* **ABOUT THIS TASK**: Leaving the pictures aside, transcribe every line below exactly.
##### DATA BLOCK #####
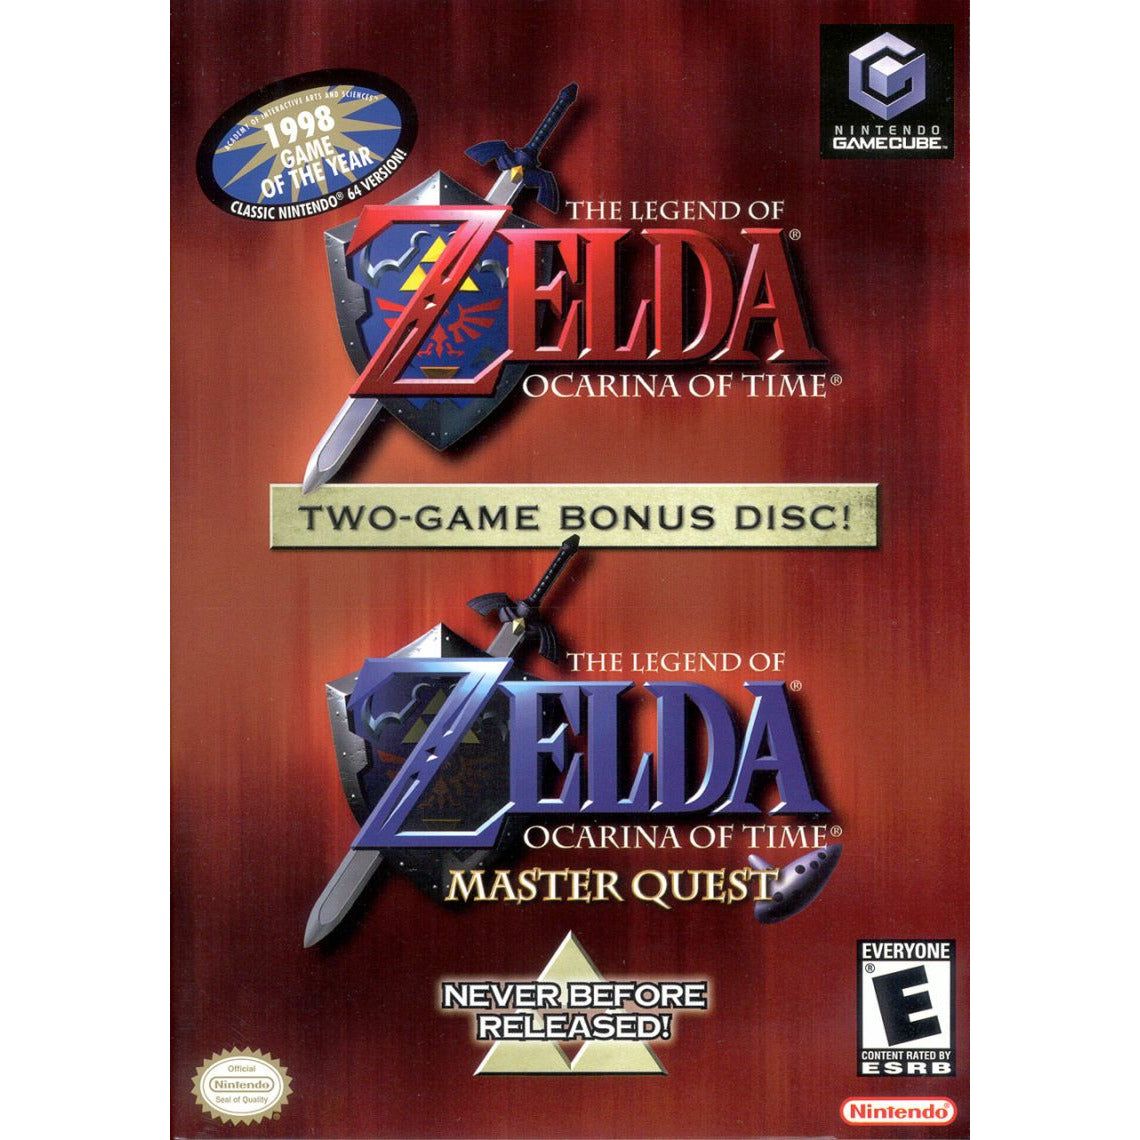 GameCube - Legend Of Zelda Wind Waker W/ Ocarina of Time and Master Quest
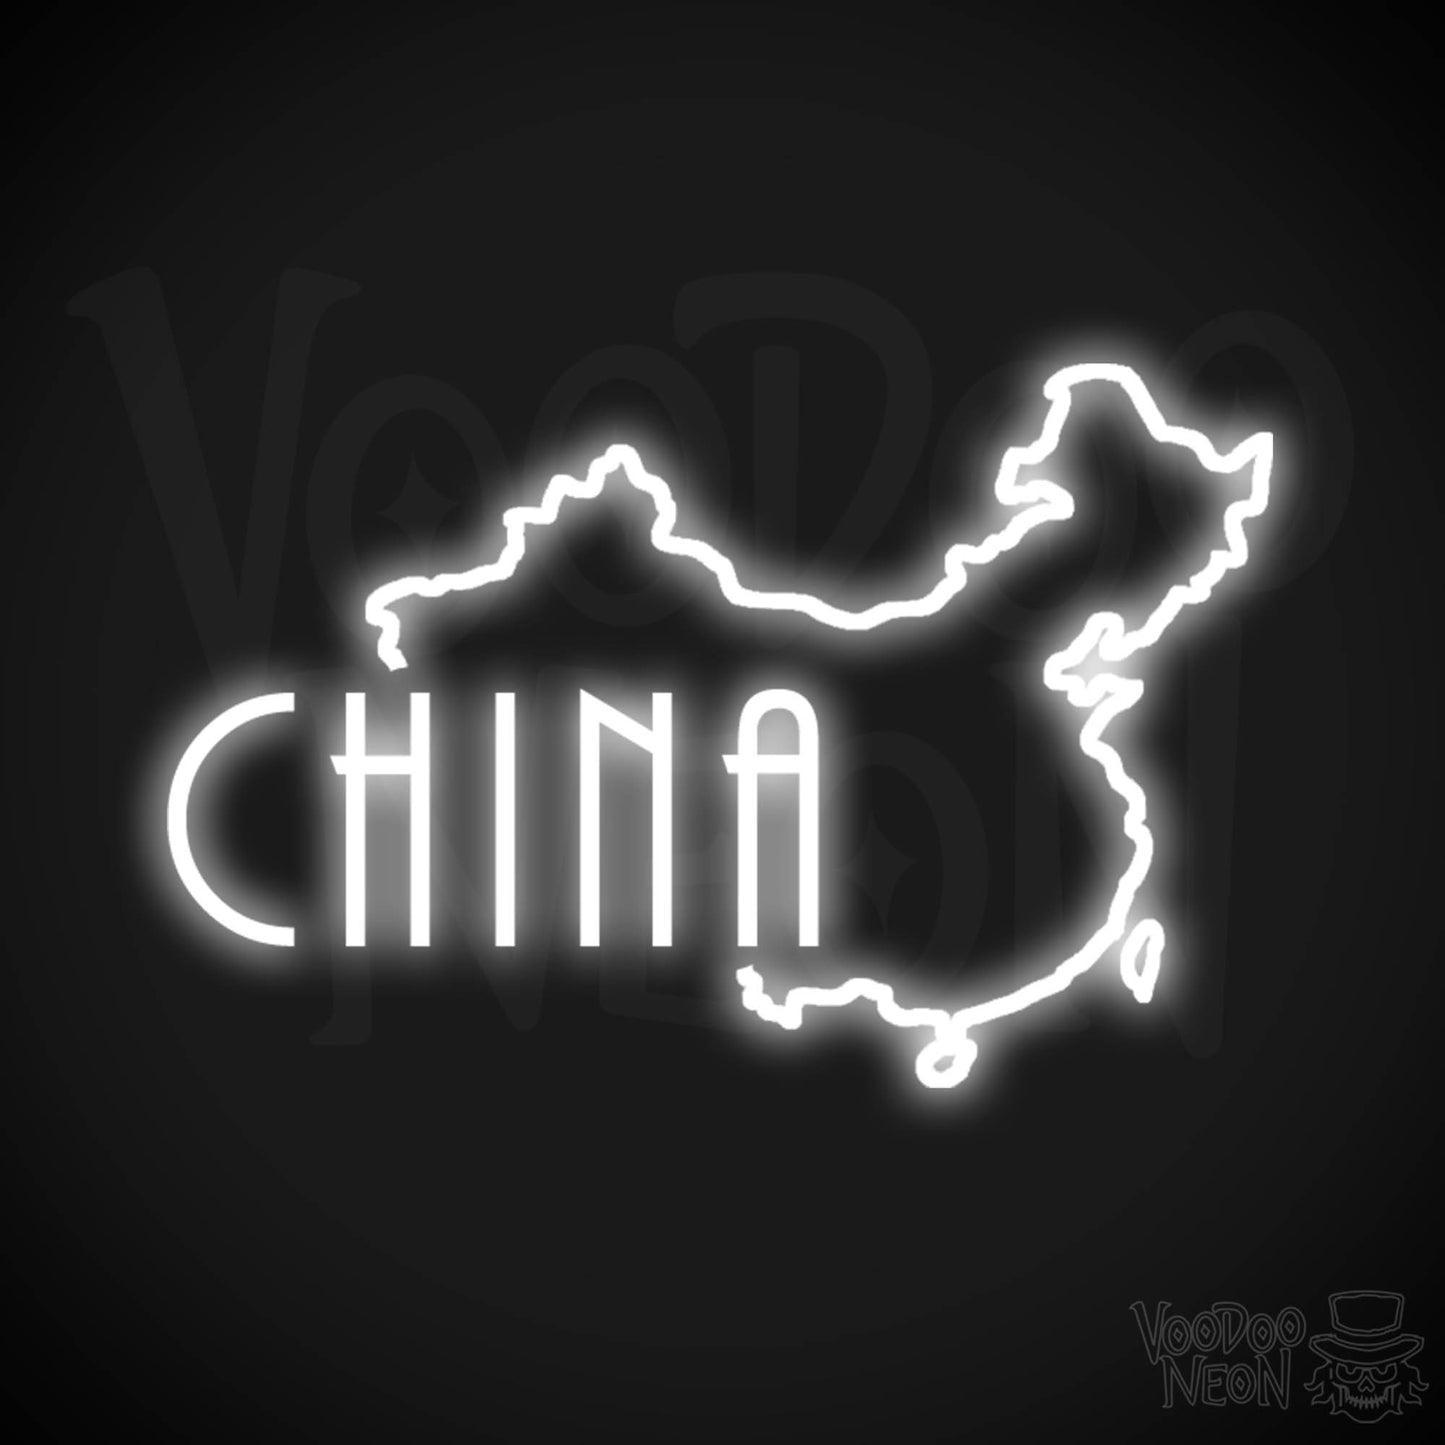 China Neon Sign - Neon China Sign - LED Sign - Color White
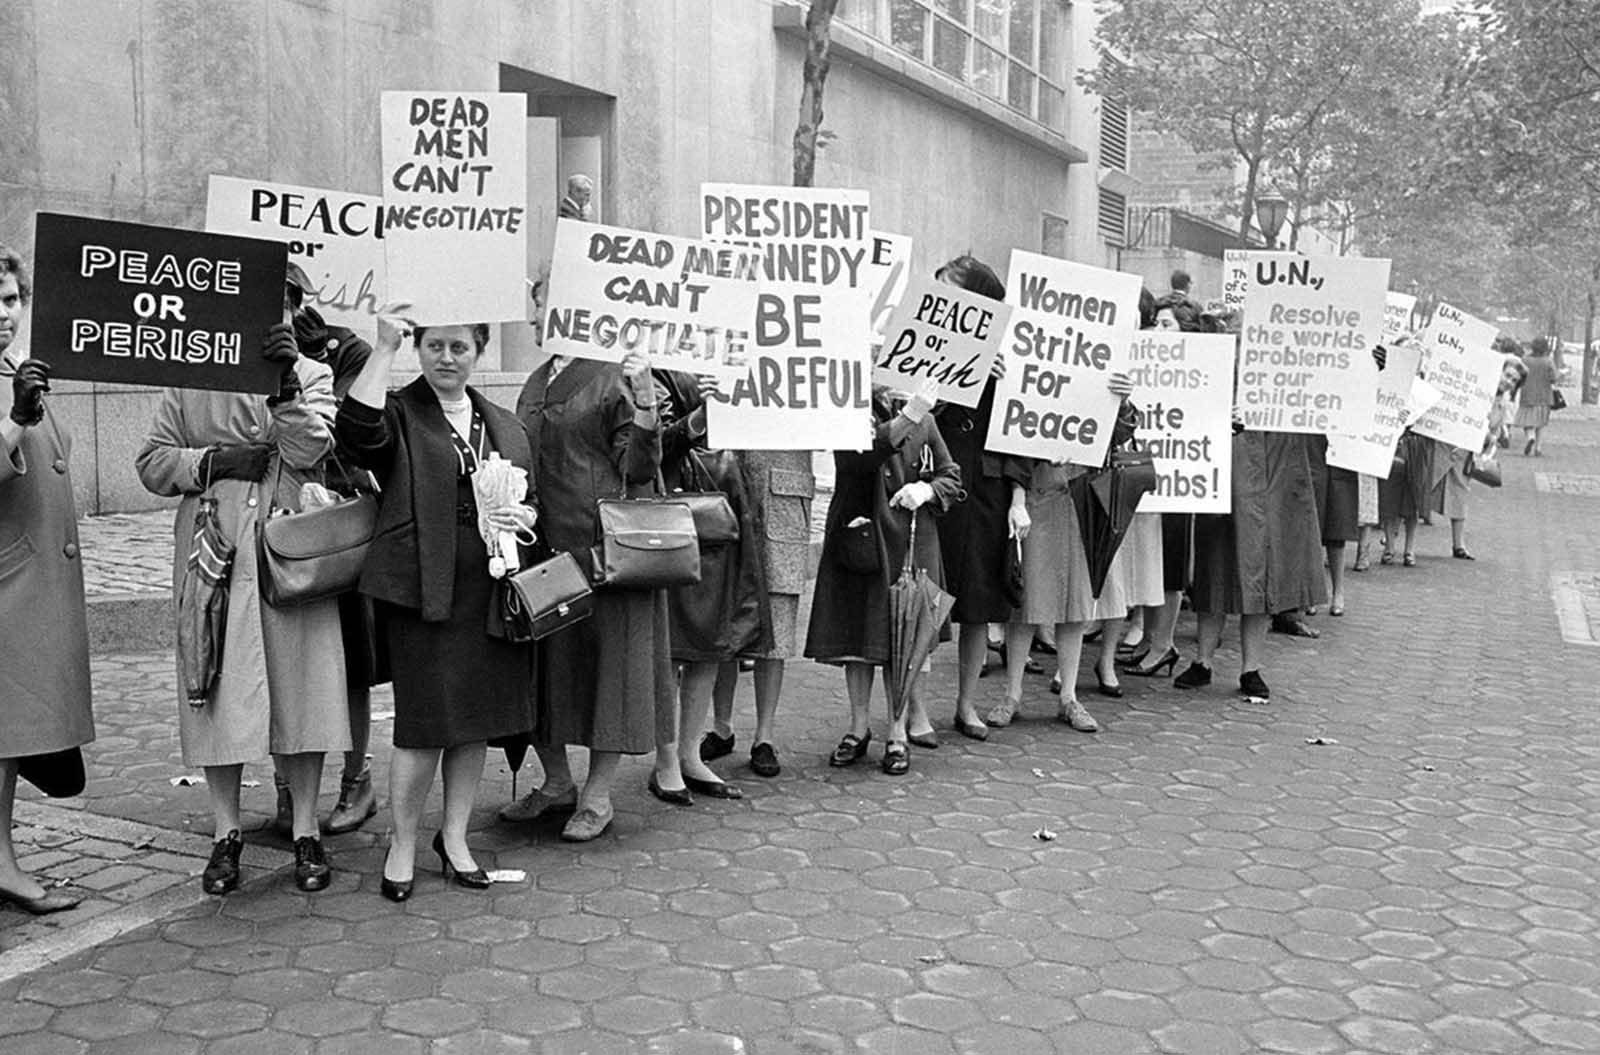 Picketers representing an organization known as Women Strike for Peace carry placards outside the United Nations headquarters in New York City, where the U.N. Security Council considers the Cuban missile crisis in a special meeting, on October 23, 1962.
#####
* **ANSWER SPACE**:
 GameCube - Legend Of Zelda Wind Waker W/ Ocarina of Time and Master Quest
 China Neon Sign - Neon China Sign - LED Sign - Color White
 Picketers representing an organization known as Women Strike for Peace carry placards outside the United Nations headquarters in New York City, where the U.N. Security Council considers the Cuban missile crisis in a special meeting, on October 23, 1962.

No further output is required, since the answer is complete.